> [Your objective]
Transcribe the lines below verbatim, skipping the images.
### Dataset section ###
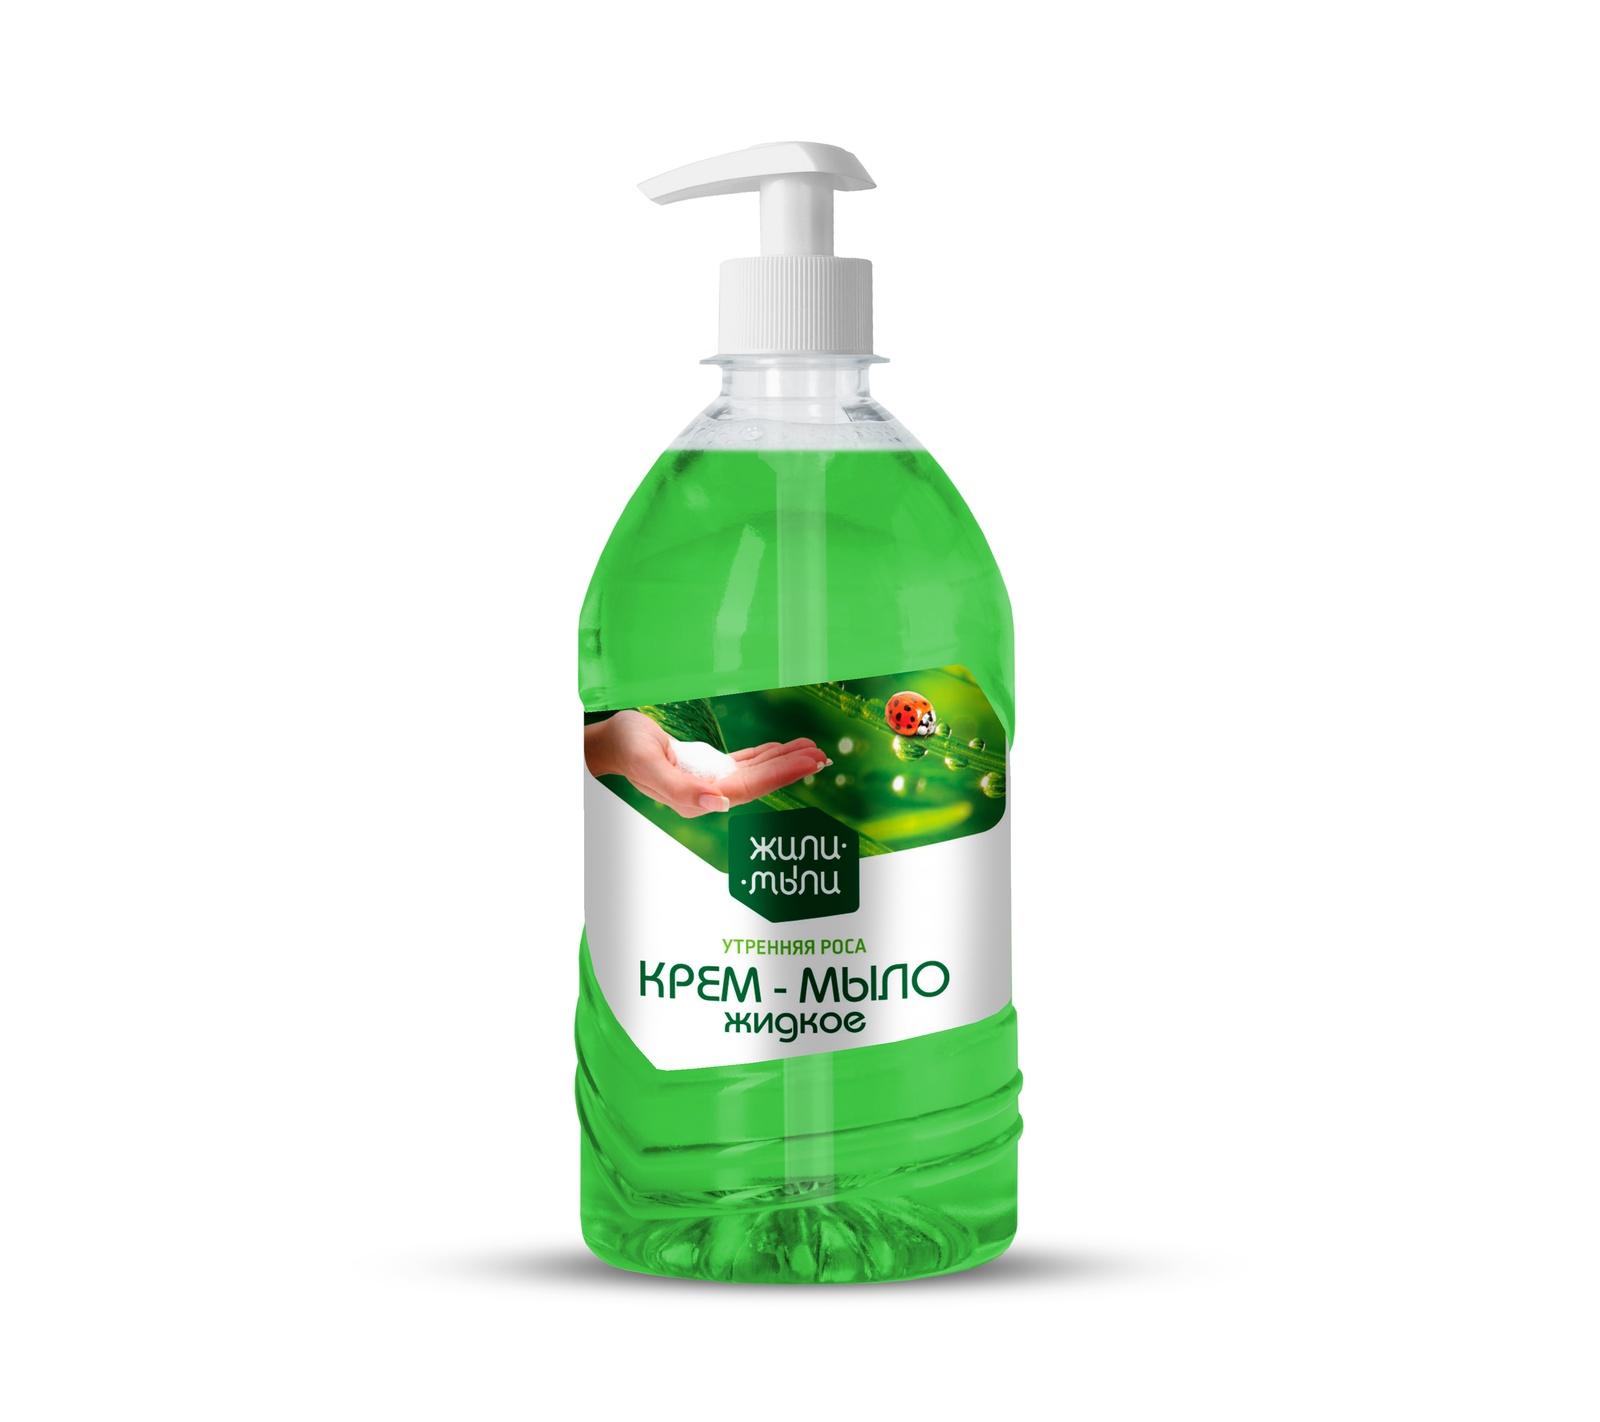 Жидкое мыло Жили-Мыли Утренняя роса недорого
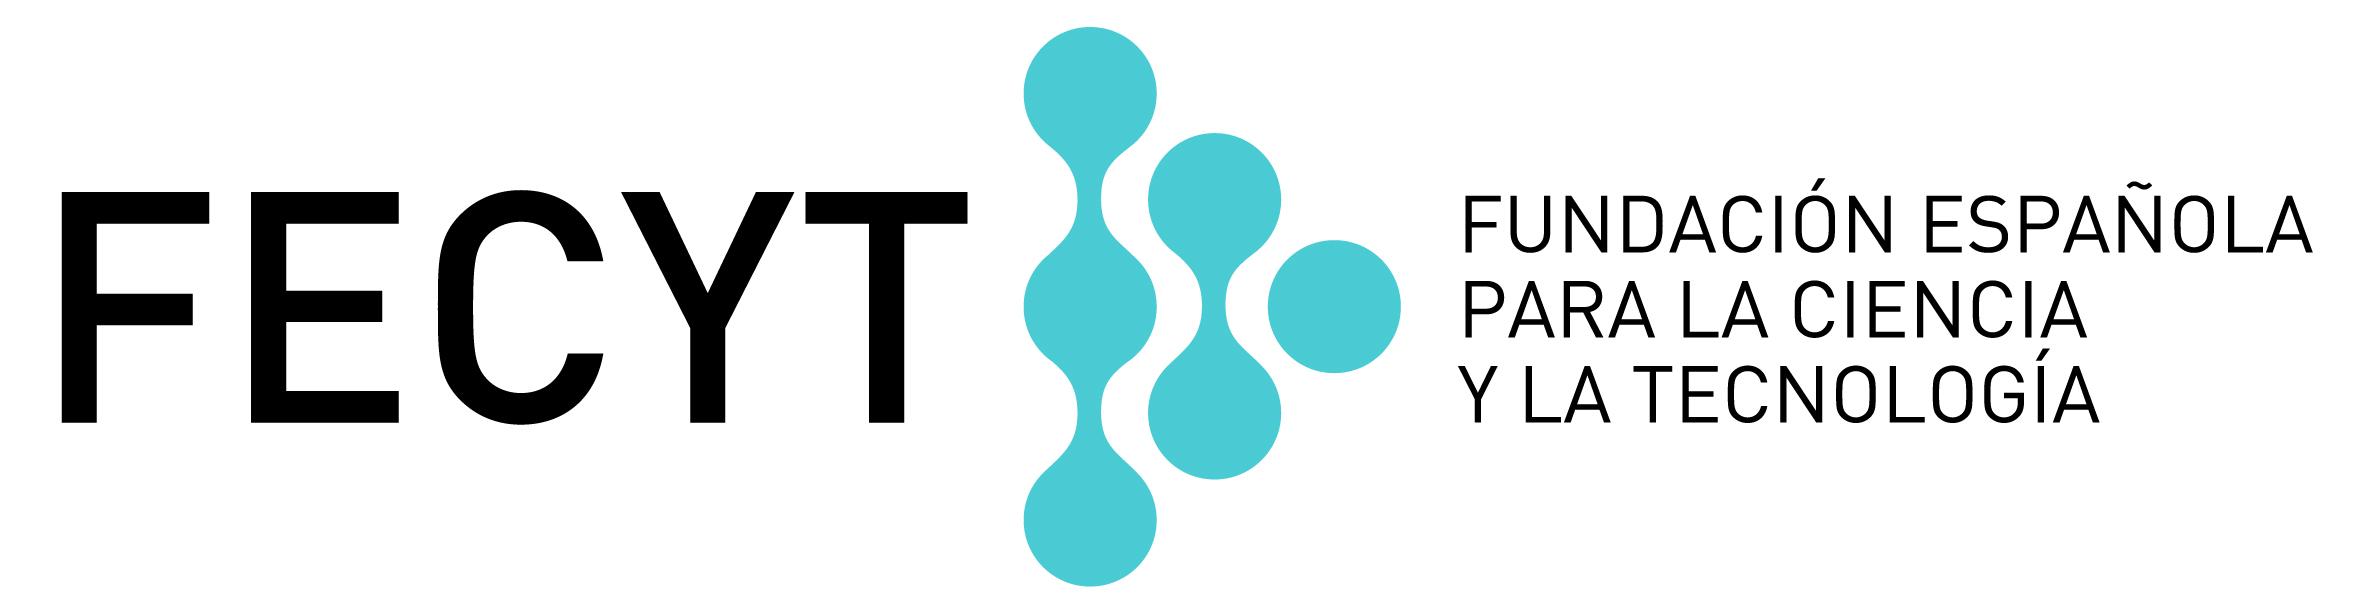 Fecyt logo
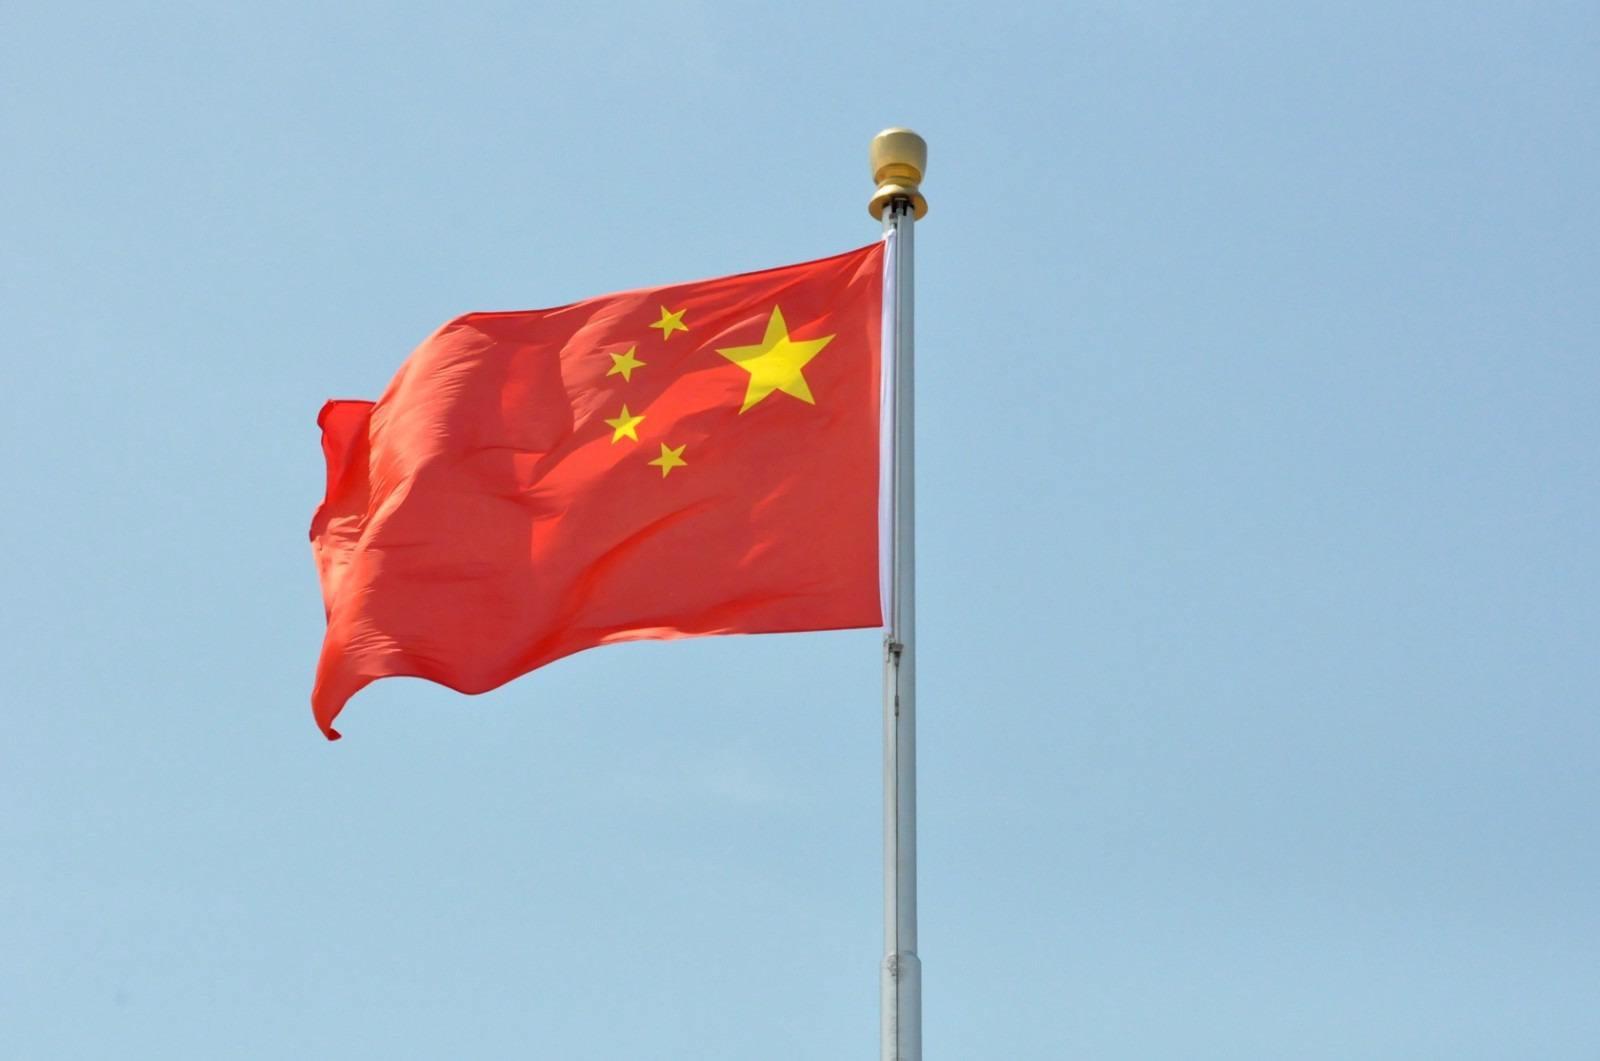 悬挂国旗尺寸规定 关于悬挂国旗和司旗的尺寸
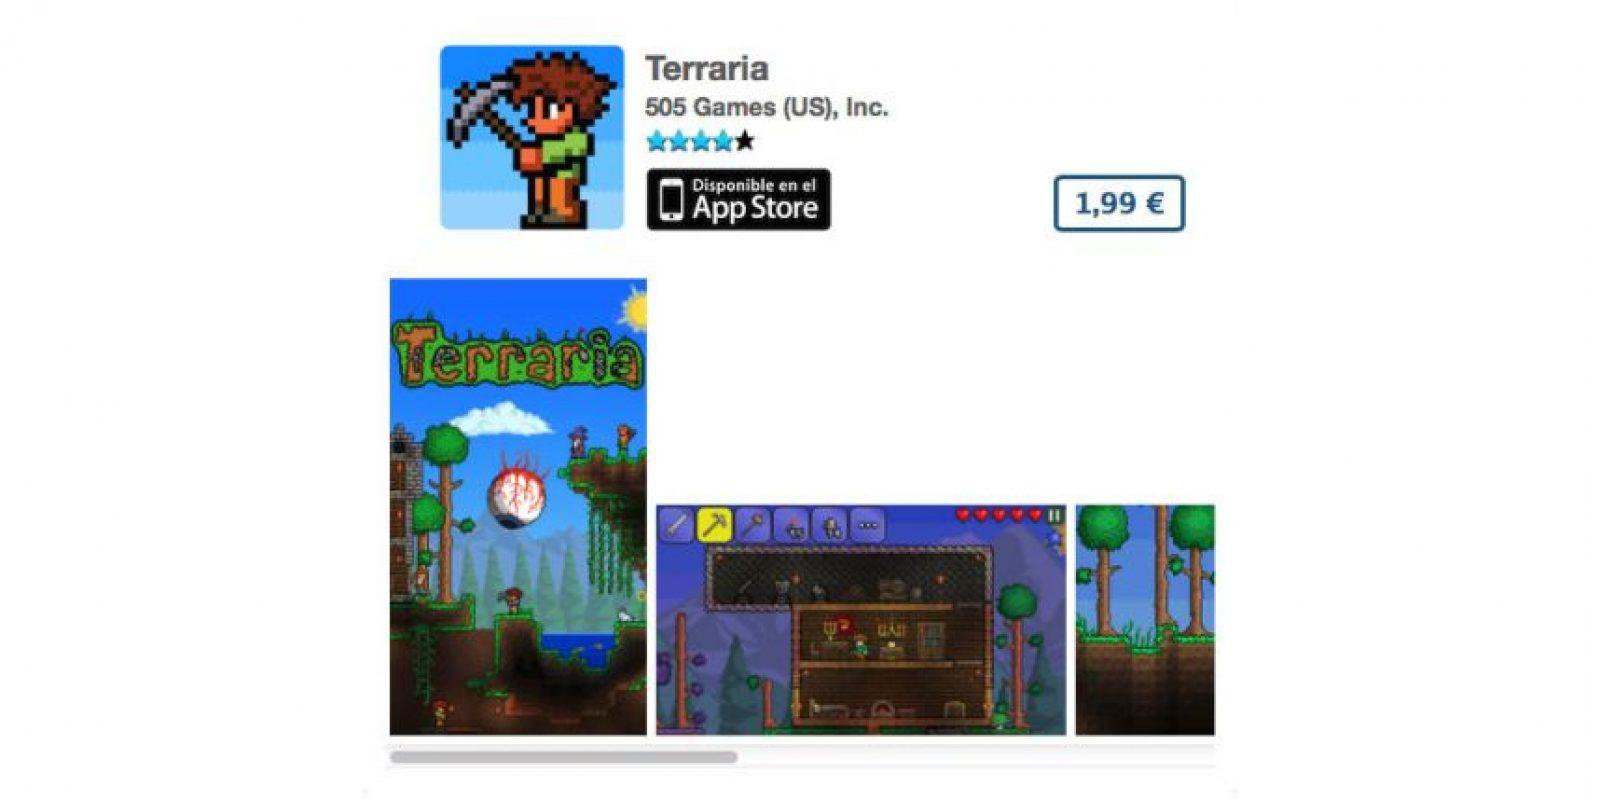 """Terraria es el típico juego de """"Atari"""" para celular. Precio tres dólares Foto:De 505 Games (US), Inc."""
###
> [Answer below]
 Жидкое мыло Жили-Мыли Утренняя роса недорого
 Fecyt logo
 悬挂国旗尺寸规定 关于悬挂国旗和司旗的尺寸
 """Terraria es el típico juego de """"Atari"""" para celular. Precio tres dólares Foto:De 505 Games (US), Inc."""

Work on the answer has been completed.